* **DATA SECTION**

—————

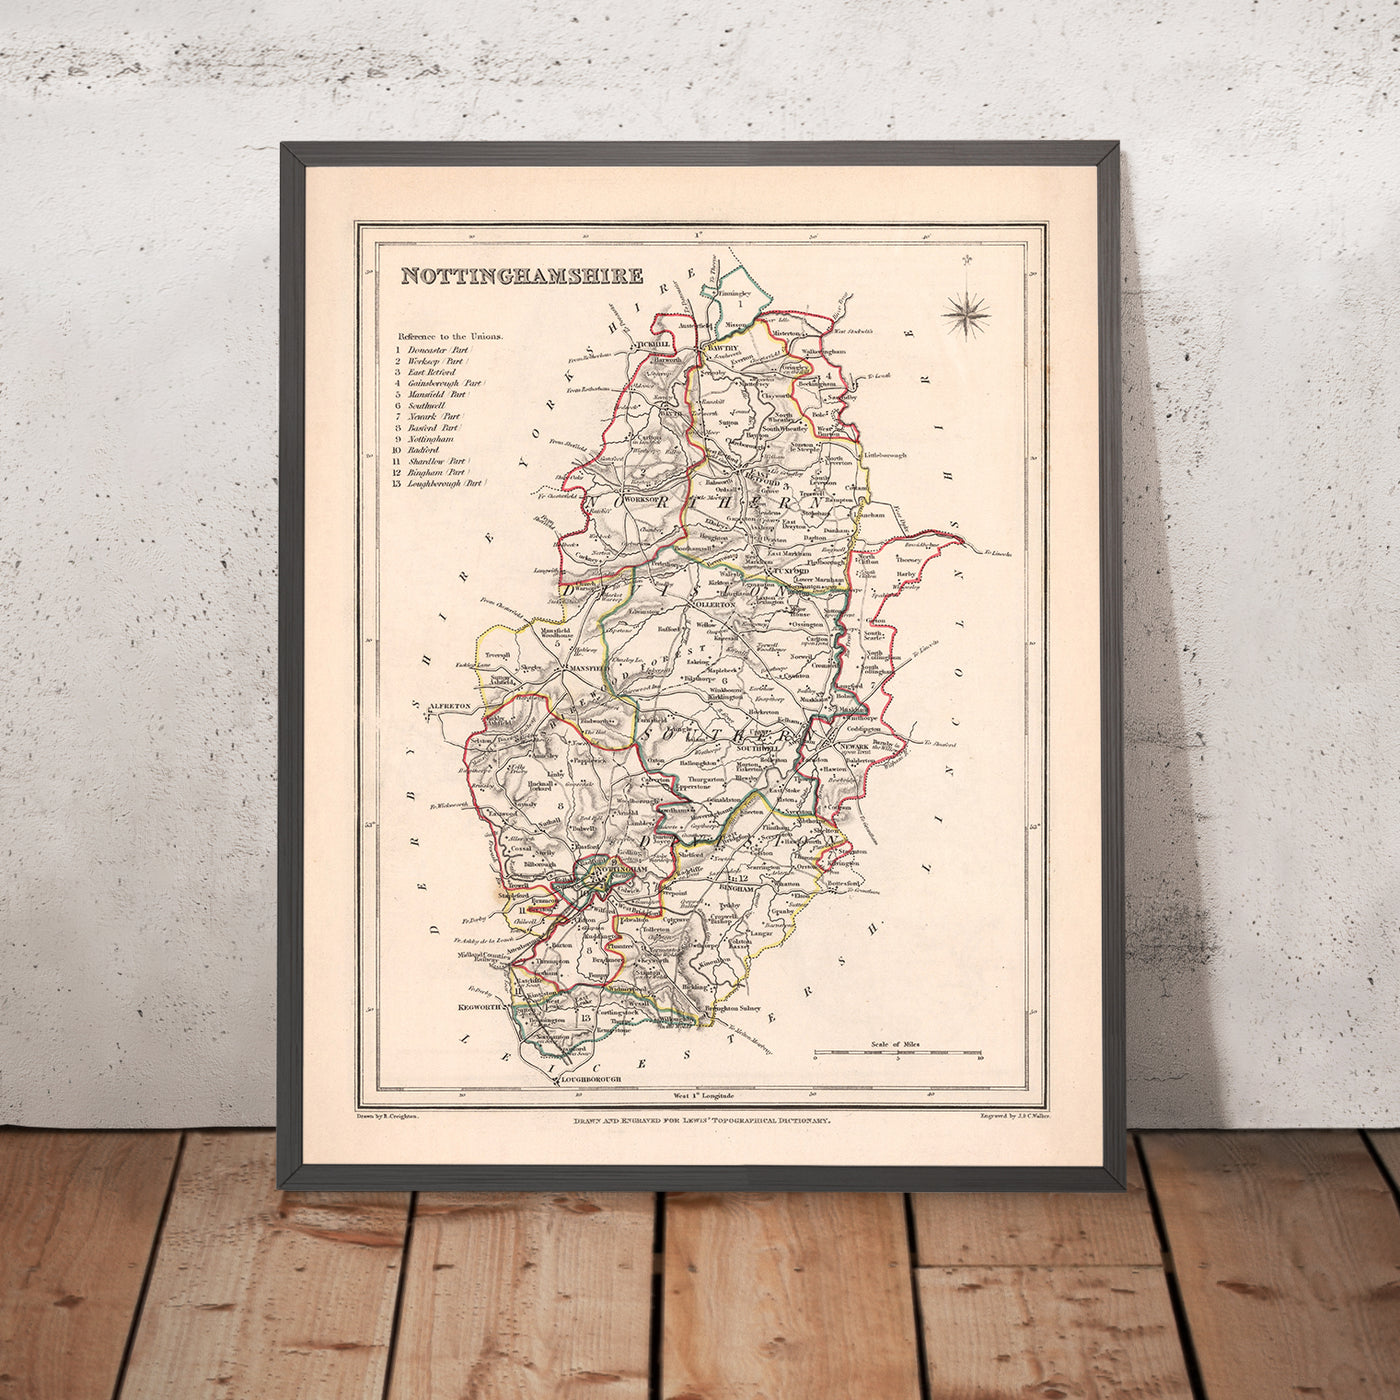 Alte Karte von Nottinghamshire von Samuel Lewis, 1844: Nottingham, Mansfield, Worksop, Newark, Retford
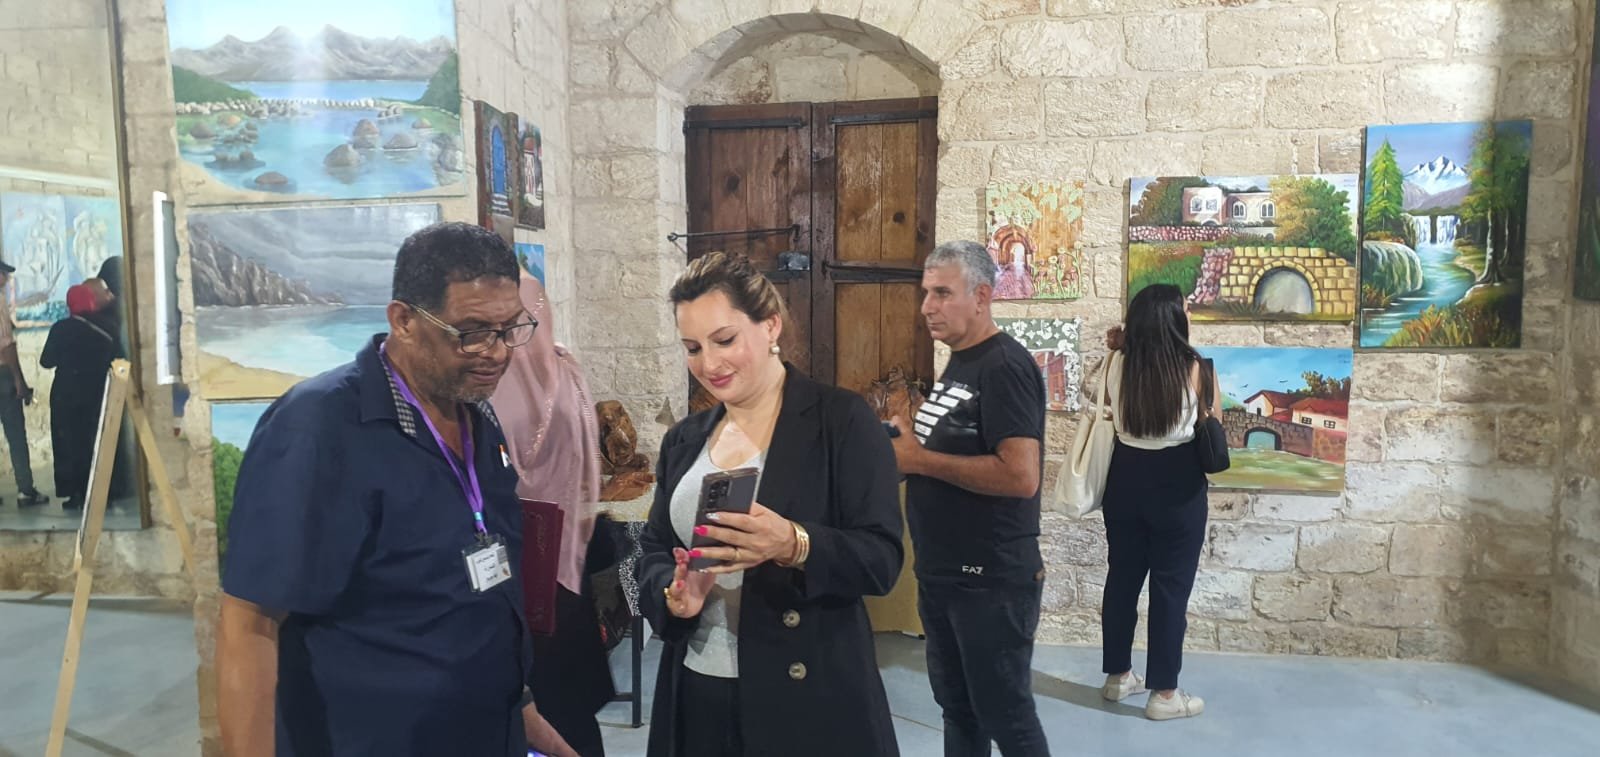 معرض فن تشكيلي "لمسات ابداعية" في جالري انماء في الناصرة-13
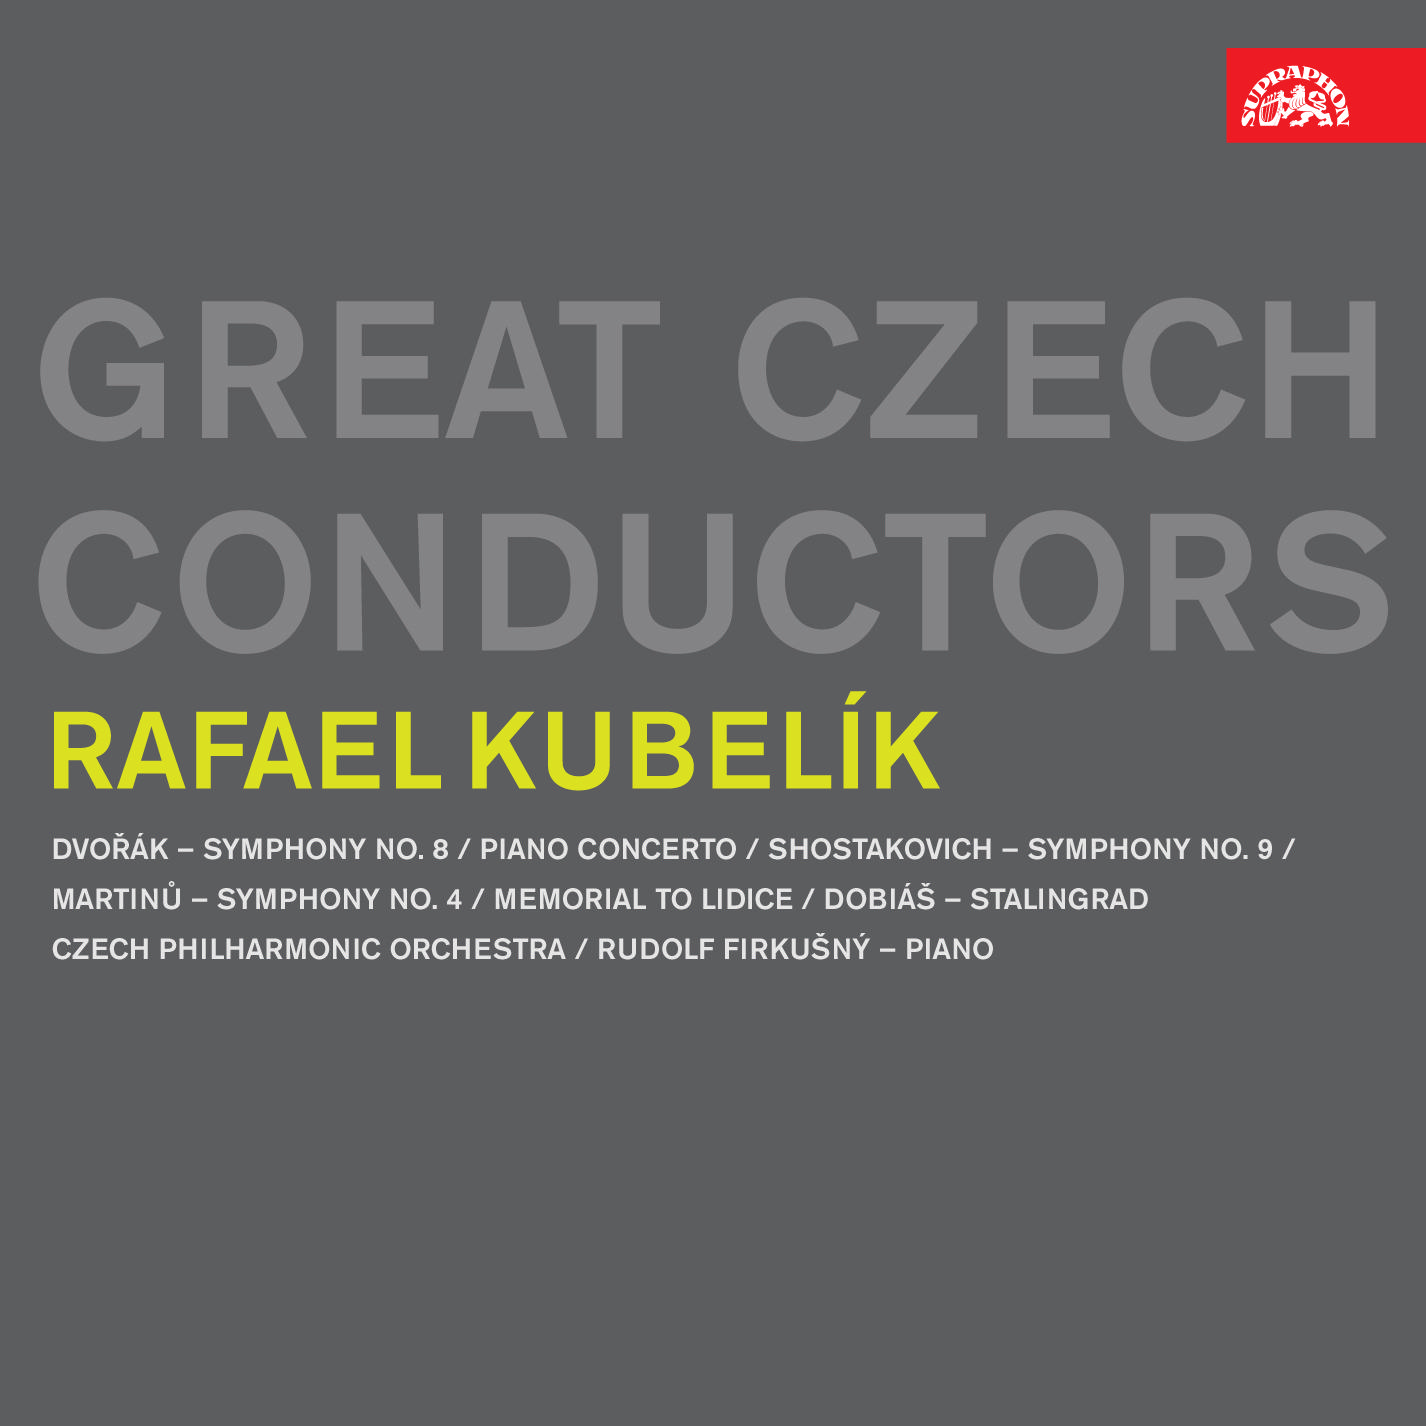 CD Shop - KUBELIK RAFAEL GREAT CZECH CONDUCTORS RAFAEL KUBELIK /D

—————

* **INSTRUCTIONS FOR THE TASK**
Omit the pictures and reproduce the listing exactly.

* **EXERCISE RESPONSE**
 Alte Karte von Nottinghamshire von Samuel Lewis, 1844: Nottingham, Mansfield, Worksop, Newark, Retford
 معرض فن تشكيلي "لمسات ابداعية" في جالري انماء في الناصرة-13
 CD Shop - KUBELIK RAFAEL GREAT CZECH CONDUCTORS RAFAEL KUBELIK /D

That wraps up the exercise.